Whatever you feel about the royal family and Prince Harry, they are certainly in the media this week.
I was invited to share my thoughts on his new book “Spare” from the perspective of trauma. I hadn’t given the situation much thought before, but after some research I noticed some really interesting behaviours, beliefs and patterns.
Having been on TV once, radio 5 times, and in 191 different print outlets discussing the situation, following are my thoughts from a trauma perspective.
Just before we dive in, this isn’t a discussion about who is right or wrong or whether the monarchy is a good thing or a bad one. It’s important to be clear that I can only speculate. I’ve been careful to avoid jumping to conclusions about the Duke specifically, as I don’t know him personally. Who’s right and who’s wrong also isn’t terribly helpful either, as you’ll read.
What I think IS important is the role of our MINDSET in how we approach life, love, family and relationships.
Here is my take and the answers to some of the questions I’ve been getting from the media.
Why is he doing this, is it coming from a place of trauma and why now?
Before we dive into a discussion of whether or not PH has trauma, we need to agree on a definition of trauma. Here’s one I find helpful.
Trauma is maladaptation of neurology as a result of events in the past. It might have been one single highly intense event, like the death of his mother, or a long period of repeated, low-intensity events, such as the prolonged marital disputes and divorce prior to her death.
When we are whole, and our neurology has adapted to being resourceful and resilient, we are able to get our needs met in healthy ways. Those with trauma often resort to unhealthy ways that damage themselves or others.
Given that his mother died in a tragic accident, and, according to him, as a result of the media, he’s likely to be very sensitive to the ways that his wife is being treated by the press.
Hurt people hurt
One reason that the Duke of Sussex has spilled some of the royal family’s deepest secrets in his memoir, Spare, is that he is “hurting”.
There is this sense that he really does want to let his family know he’s hurting.
Hurt people, hurt others. They do it completely unintentionally, because their hurt is so present, they can’t perceive anyone else’s hurt.

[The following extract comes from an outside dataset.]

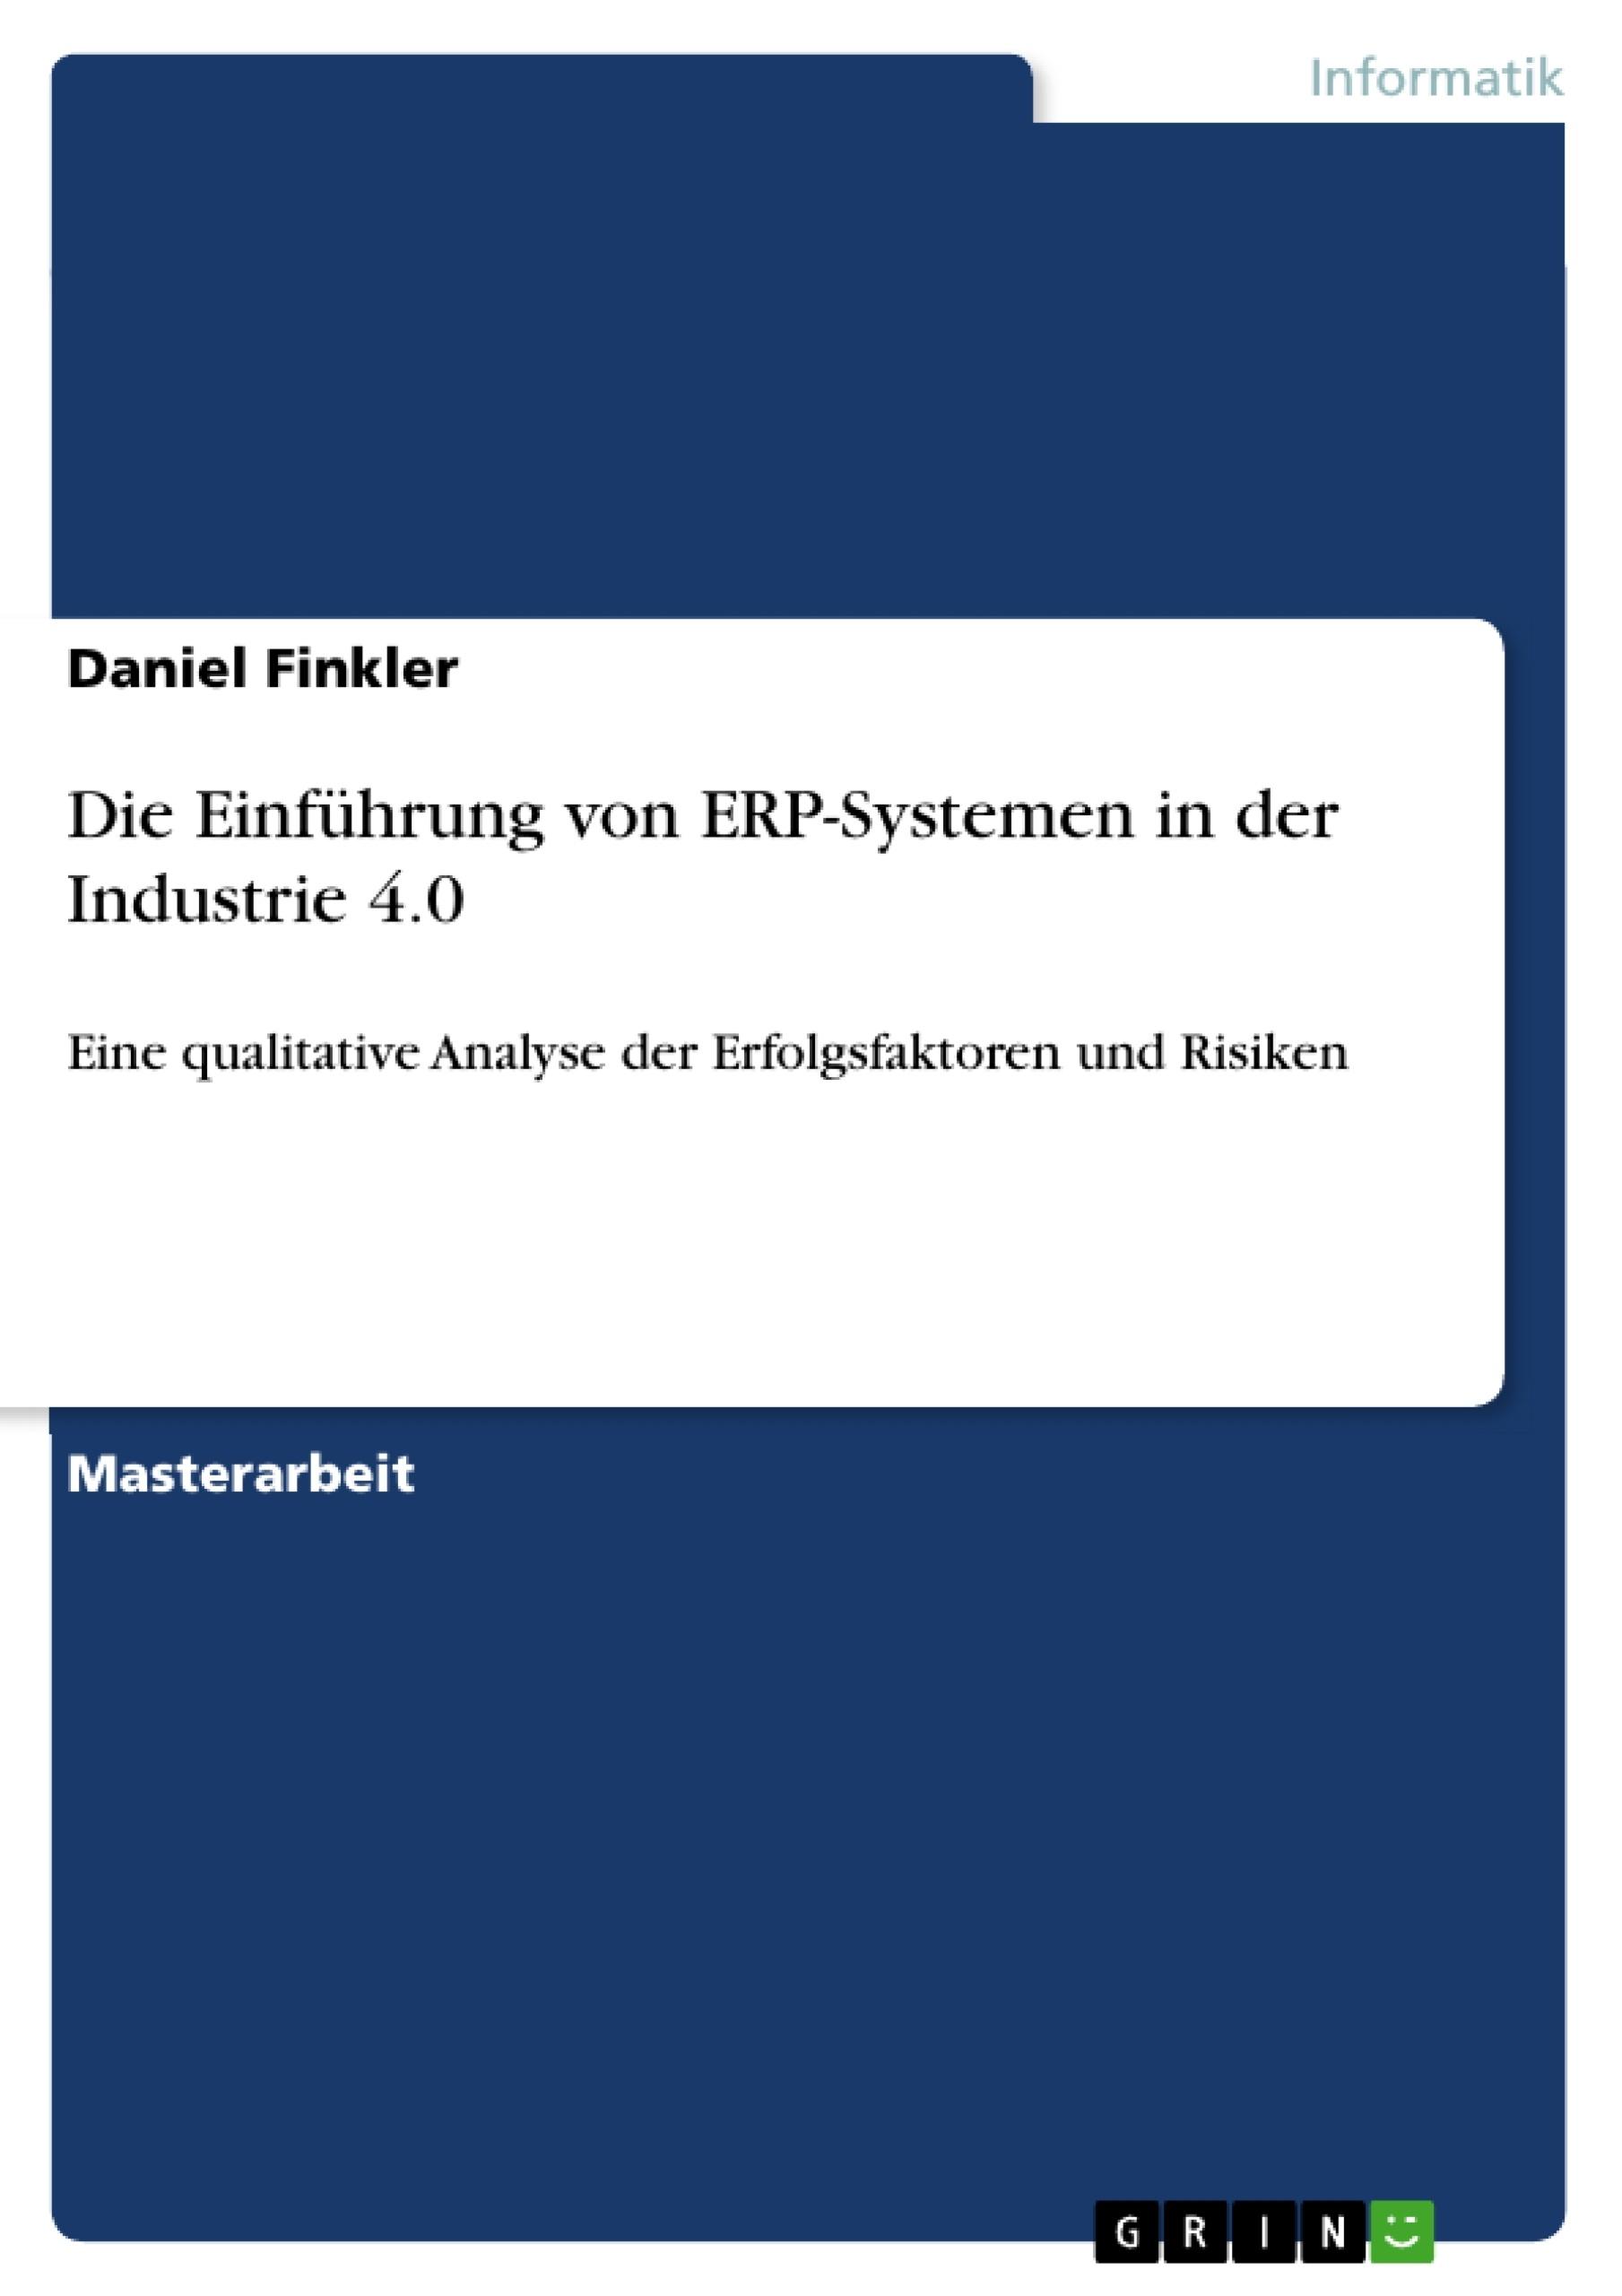 Titel: Die Einführung von ERP-Systemen in der Industrie 4.0

From the Prince of Wales allegedly physically assaulting his younger brother, to describing the Queen Consort, Camilla, as “dangerous” and criticising her attempts to improve her image at all costs, the book contains some huge revelations.

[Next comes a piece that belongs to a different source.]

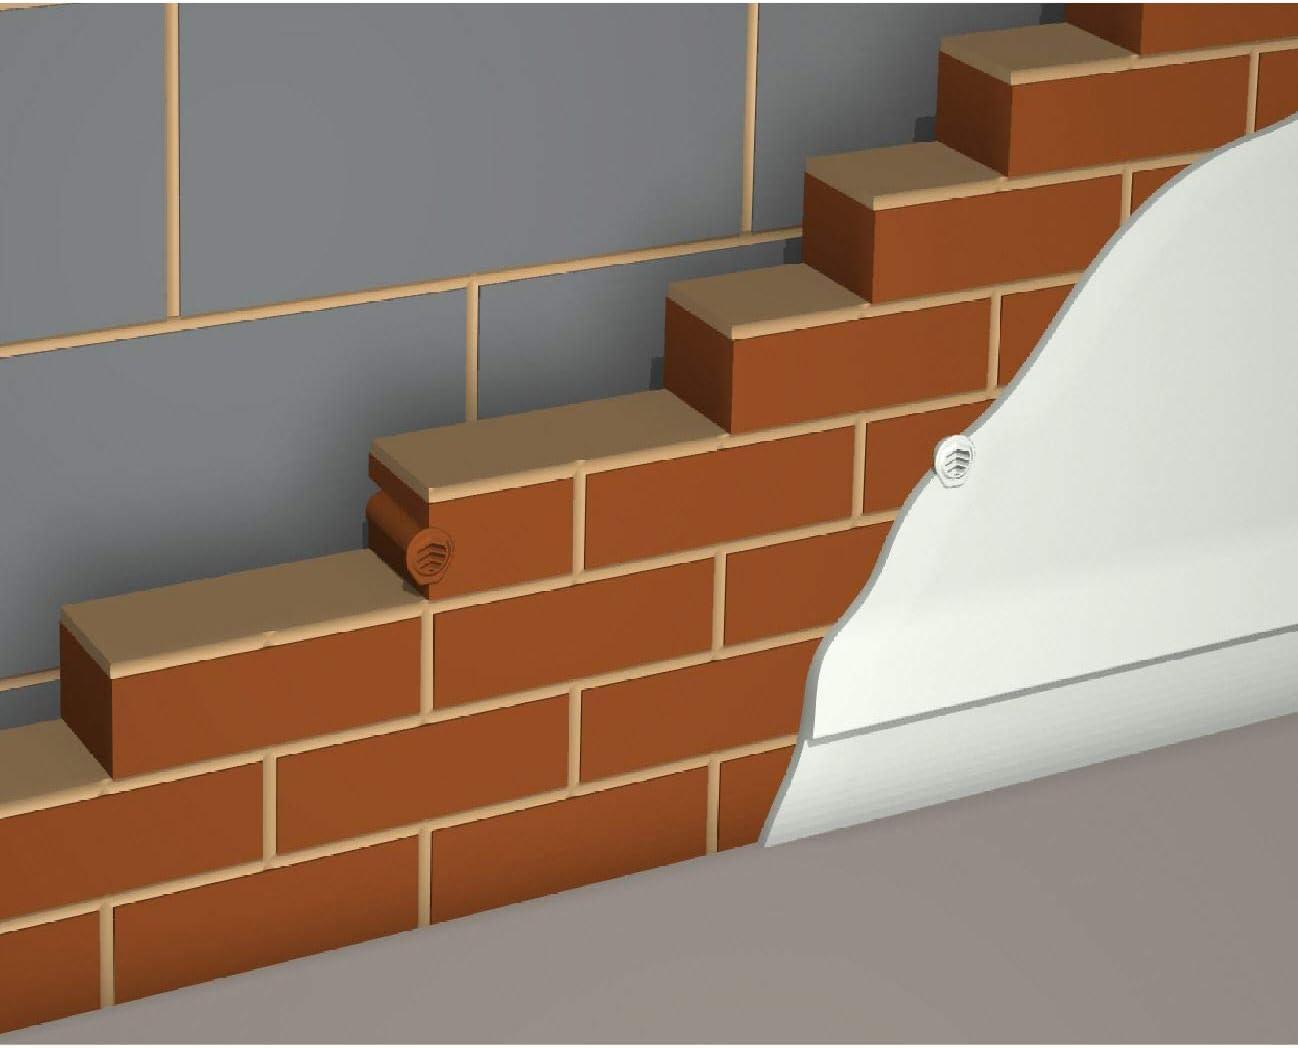 5 x en terre cuite perceuse pleurer /évents autour de cavit/é de syst/ème de ventilation//conservant mur murs

There isn’t necessarily malice behind Harry dishing dirt on his family (we simply don’t know this). However, it may not be getting him the result he wants.
All behaviour has a positive intention
He’s trying to get something from this. It’s not immediately obvious what, but when people attack, criticise or accuse another of doing something, it’s often a sign of love. They want acknowledgement, recognition, attention – something, anything that they can try to experience as some form of love, even if it is a distorted one. It’s still love.
Is the timing significant?
We could say it’s not the ideal time for his family, but that might actually be why he’s chosen now. His father’s just about to have his coronation. That’s going to be a huge event for King Charles. His grandmother has recently died, so there’s grief in the family, and yet he’s choosing this moment to bring attention to himself. At a time when a more empathetic, sympathetic and sensitive person might say, ‘OK, I have all this stuff, I’m going to hang onto this until we’re through this’.
I haven’t met Harry and my thoughts are entirely speculative, based on working with people who’ve had various sorts of trauma.
Harry’s timing – and his actions – may be the result of past trauma.
Given our definition of trauma, it would make it harder for him to easily get the results he wants. We all have fundamental needs that, ideally, we get met in ways that are healthy (ways that don’t harm ourselves or others).
But people with trauma often have extreme coping mechanisms and use other ways to get those needs met.
Harry’s behaviour is an attempt to get some kind of need met. I don’t know that writing the book is actually meeting that need.
It is possible with Harry’s situation that he is so hurt, so angry, so resentful… That he wants to do this, and he doesn’t even notice that the rest of his family might be having a whole bunch of other stuff going on for them that’s nothing to do with him.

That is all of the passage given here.